Problem is… I'm not certain that it is true any longer. This is odd, very odd for me.
I suppose that technically it is factually true, in that I believe in no copyrighted religion, belong to no church, am not a Christian. I do believe that a proper, fully this worldly, sense of right and wrong, ethics, can be shown to derive from the nature of Man qua Man. And that no law should be derived from anything else. But....there has been an internal… um, space opened up within me, which is difficult – if not impossible – to define, which seems to have connection to all levels of thought and experience, yet defined or limited by none of them. This, on one level, is a problem for me, since to say something is all things, is the same as saying it is no thing. However this … space, this… openness is there, and if not itself contained, seems fully capable of containing all within it. My best stab at it is to identify it as a spiritual “One”, similar to saying that Truth is One – but more so.
While I don't believe in a literal bearded God or Goddess(beard optional) sitting on a throne somewhere micromanaging the fall of sparrows and setting up political races to usher in the apocalypse, I do no longer have the sense that I, my spirit, am separated and hermetically sealed into and off from the universe at large. When I consider scripture, poetry, dogma, myth, consider it deeply, there is a sense of having grasped with the hand of the Soul multiple Truths, or rather portions of One Truth at different levels, sort of like playing a chord on a cosmic guitar that on being strummed, resonate through me and I seem to sense harmonies from somewhere within-that-is-withoutside there...where is the sound chamber it is reverberating through?
Seems as if it is more outside than within (I’ve touched on this here before).
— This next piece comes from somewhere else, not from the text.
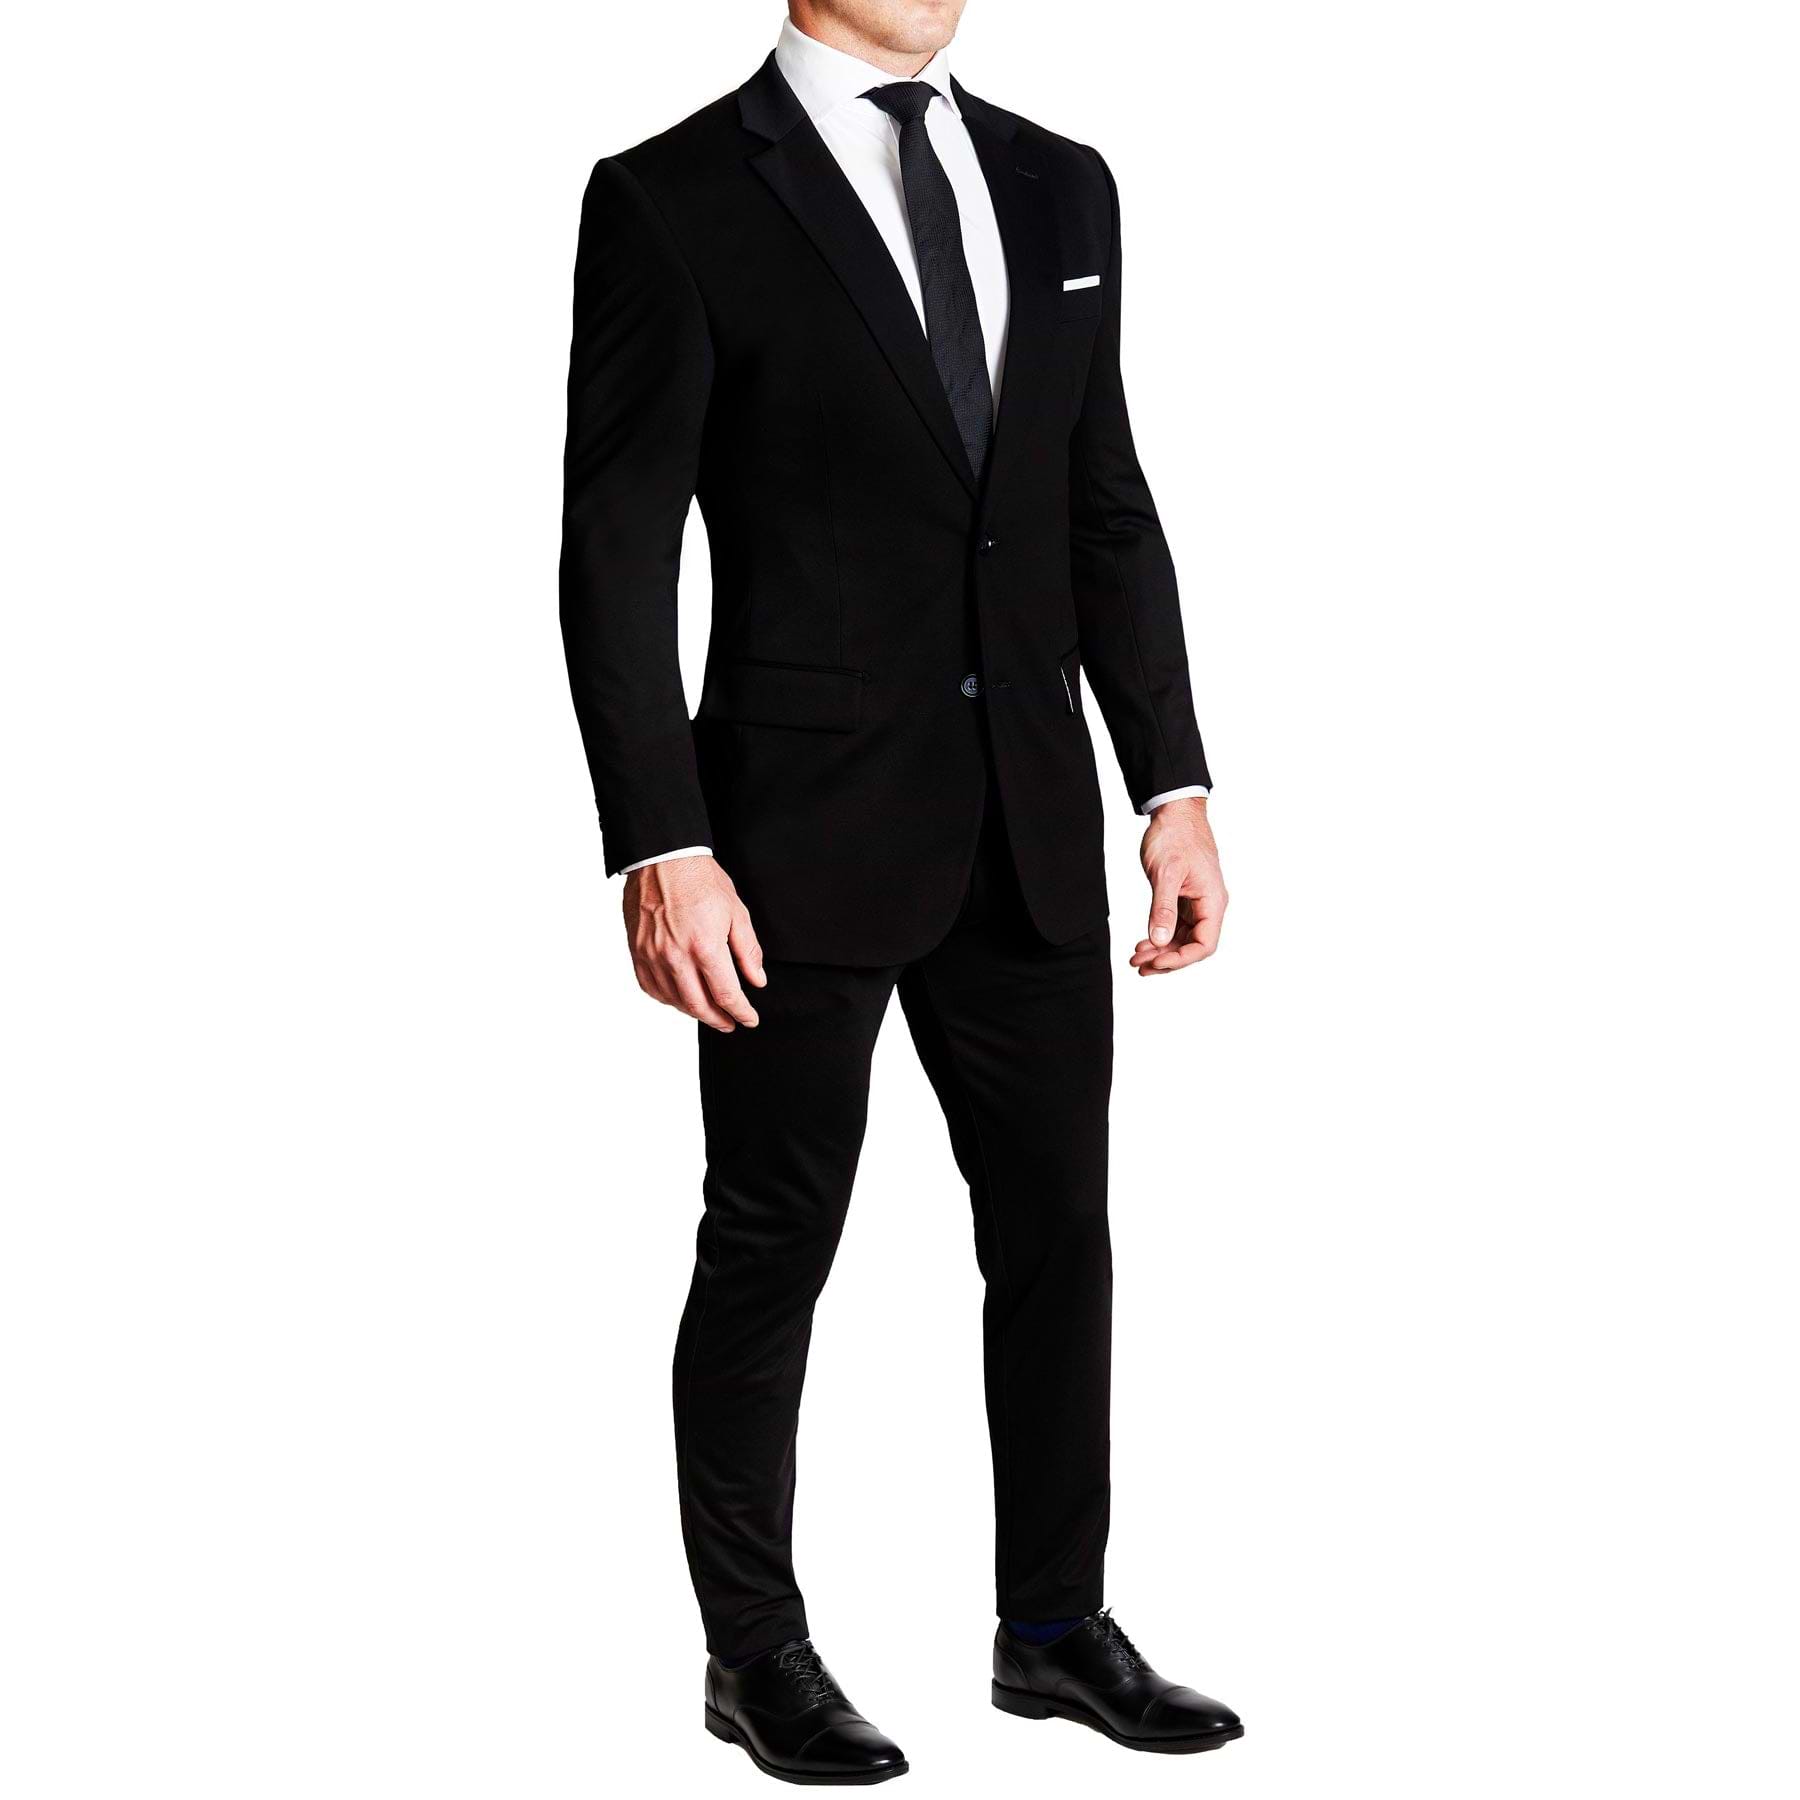 Regular Stretch Tailored Pant - Black, Suit Pants
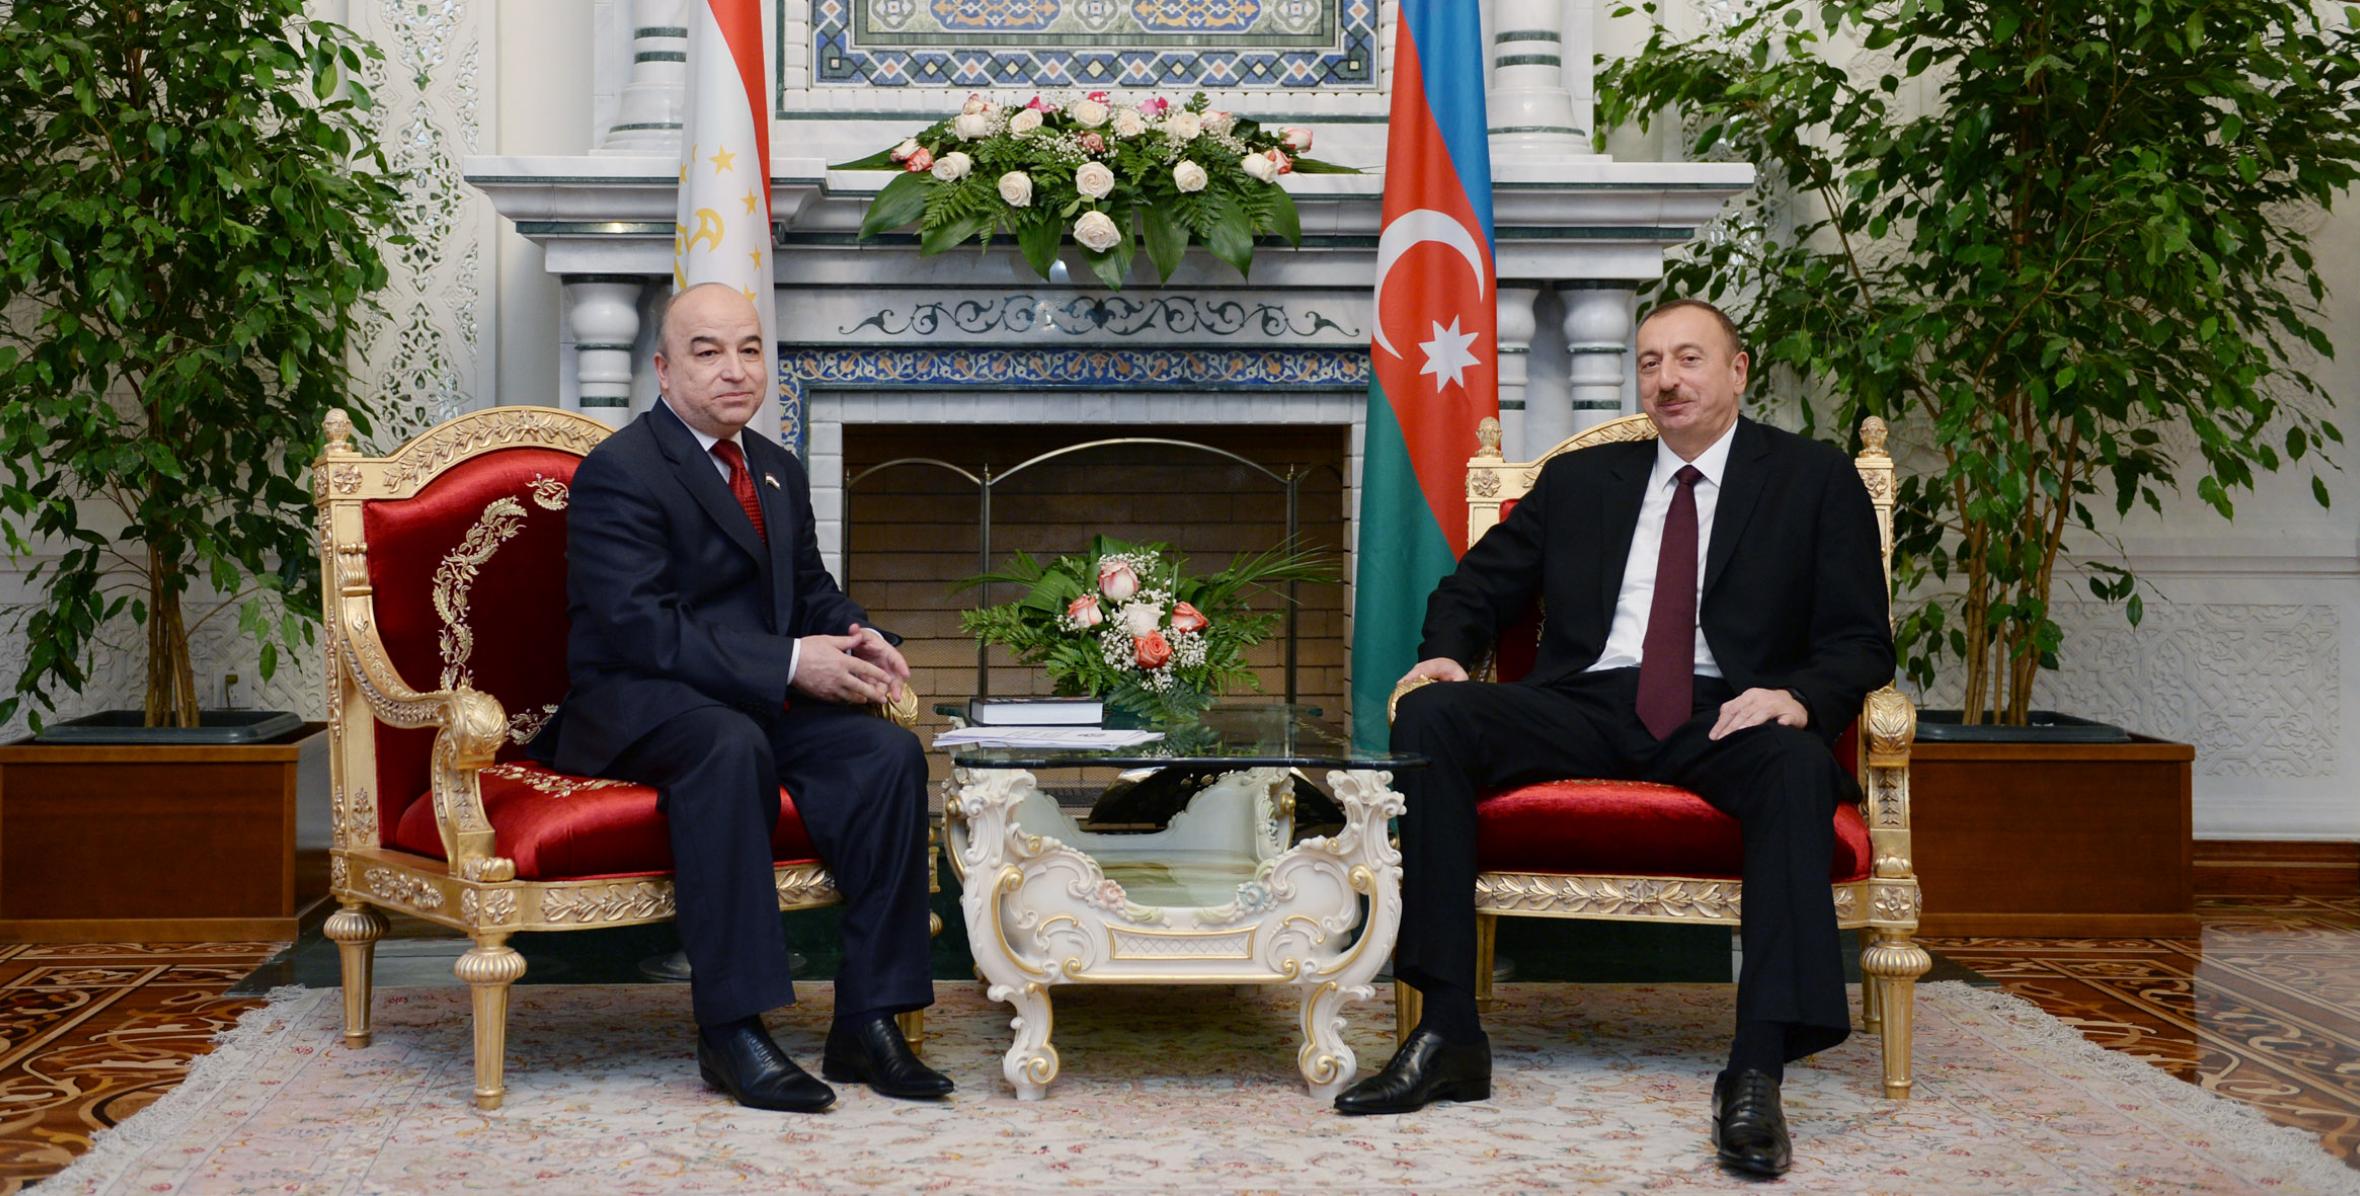 Ilham Aliyev met with the Speaker of the Lower House of the Majlisi Oli of Tajikistan Shukurjon Zuhurov

While I am not religious in the copyrighted sense of believing that the bible or any other tome, is the literal word of God, as transmitted to earth directly from the pen of the almighty, the bible (and others) enable me to find much wisdom through poetically interpreting them, through drawing truth perhaps out from within, through it and its dogma. There is much wisdom to be found in their pages, providing that you avoid literal-ly killing it's spirit. That I do revere.
While although I am quite sure that my set of beliefs do not make me a literal Christian (I don't believe that he was THE son of god - in Trinitarian form or otherwise, or literally walked on water, rose (or raised) from the dead…etc), I know of no other religion or myth, and I know a bunch, whose form (together with the Old Testament) is so well suited for prism-ing my intuitions through (the symbolic trinity(Thought, Concept, Word), the need to be reborn from above, Christmas, and of course Santa Claus, etc).
And as far as Church goes, I don’t go & don’t want to go, but the sense I have of it is a meeting place where people of like mind and understanding of the spirit of their beliefs go to consider refractions of Truth through their (perhaps unwitting) poetic interpretations of their text, and commune together – I can say nothing against that. In fact, that is near to what I do at One Cosmos. People, depending on their interest & grasp, find a vehicle for filling their realization of the spiritual vision they have – some do that through church, some in other ways – each in the fashion which clicks with them best. Depending on the intellectual inclinations of the individual; some folk look for mythic story, some for theological interpretation, some for literary content, some for philosophical depth – as long as they aren’t seeking to impose their understanding on others through law, what problem should be had with that? The alternative is a people with no synthesizing vision of what is Right and what is Wrong, and to my mind, the rudderless, arbitrarily self justifying sort (read eco-green-hippie-wackadmeic-leftist) are a far more frightening group of people.
So where does that leave me?
Somehow confused and clear at the same time.
I have an Objectivist inspired belief that to speak of physical & philosophical knowledge, you must have verifiability, bust be able to show it’s foundational trail down to tangible reality, or you are only speculating. And I do believe that - urging someone to act on your unfounded assertions is irrational for both the urger and the urgee(if they act on it), but what is the status of knowledge which has verifiability - but only within your own consciousness? In other words, I can repeat these sensations (i.e. the spiritual strumming of a chord) and such findings within myself - to the extent that it is a known known which, though unknown in source, is not unknown in fact - within my mind. However, absent being able to take someone by the hand and show them this experiment within the anteroom of my mind, I can in no way, in good conscience, say that "This is true, believe me", and in Truth if I were I to, I think that it would kill the truth they might have found, had they went exploring for themselves.
So I am someone who demands objective proof that is verifiable to others, who has discovered truths which are only attainable within myself, and as such not directly verifiable and available to others for examination. I'm a non-religious person, a non-christian user of christian dogma who belongs to no church yet thinks that church is valuable.
Perhaps that depth charge is still going off.